A program value is related to a Coq string in a particular state if either the value points to a value of 0 in the heap and the string is the empty string, or the value points to a number that is the ASCII encoding of the first character of the string and the next location in the heap is related to the tail part of the string.

Program Syntax and Semantics

Syntax

Programs, really subroutines, to be analyzed in SLMech follow a somewhat C-like syntax of statements and expressions embedded in Coq. The statement types are arranged in a hierarchy of complexity:

Inductive term : Type :=
| skip : term
| abort : term
| ret : term.

Inductive atom : Type :=
| terminal : term -> atom
| assign : var -> expr -> atom
| heapload : var -> expr -> atom
| heapwrite : expr -> expr -> atom
| pcons : var -> var -> expr -> atom
| dispose : expr -> atom
| local : var -> term -> atom.

Inductive stmt : Type :=
| atomistic : atom -> stmt
| ifelse : bexpr -> stmt -> stmt -> stmt -> stmt
| while : bexpr -> stmt -> stmt
| atomic : stmt -> stmt
| seq : stmt -> stmt -> stmt.

The differentiator is that terms do not modify program state, atoms may modify state but do not contain any sub-statements, and stmts may contain sub-statements. Separating out these three classes of statements simplifies many proofs that rely on reducing complexity from stmt to term.

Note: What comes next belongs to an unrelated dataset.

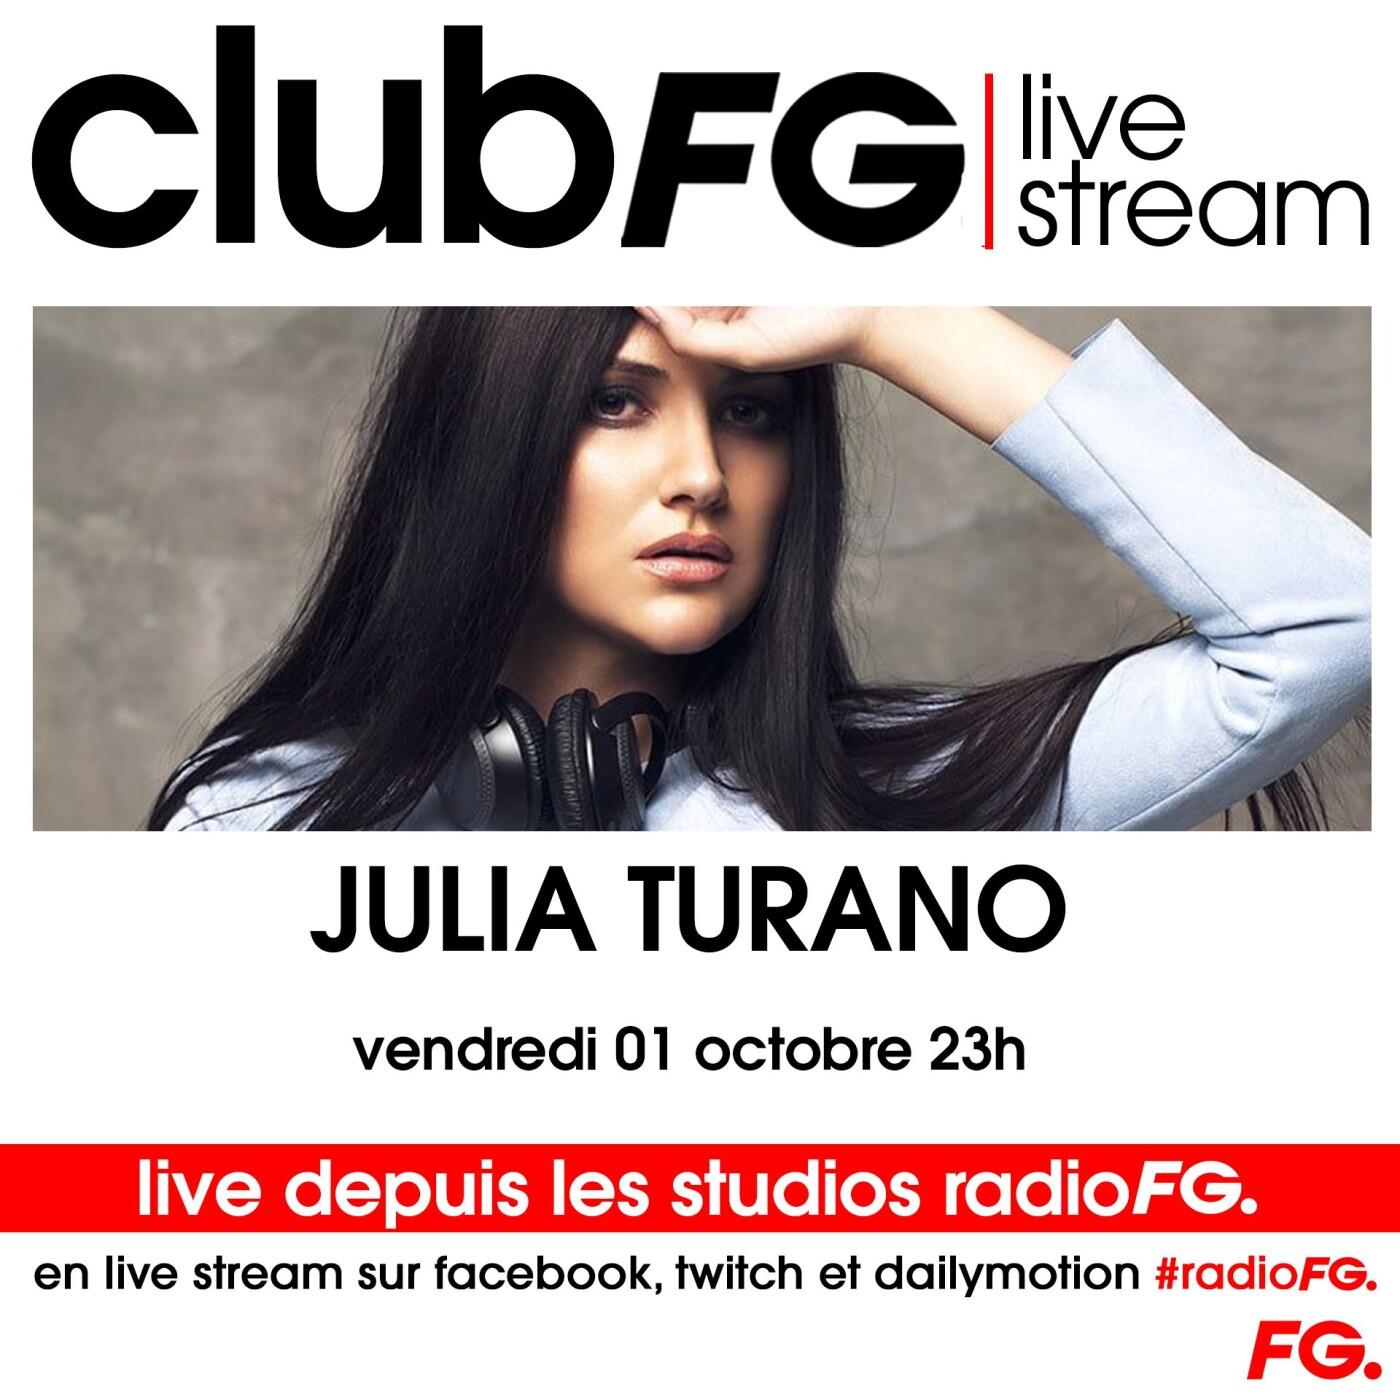 CLUB FG LIVE STREAM : JULIA TURANO

Notations are defined to provide a more imperative style syntax for writing SLMech programs. e.g.,

((ifelse (x < y)
    (res ≔ y)
    (res ≔ x));;
ret ;;
skip)

Semantics

The program semantics of SLMech is given by the steps relation defined in ProgramSemantics.v:

	steps : stmt -> (term * state) -> (term * state) -> Prop

The first parameter stmt should be seen as the current instruction being considered, the second parameter (term * state) as the state, with a term modifier of the program before stepping over the statement given by the first parameter and we think of the third parameter (term * state) as the state with term modifier that results from stepping through said stmt.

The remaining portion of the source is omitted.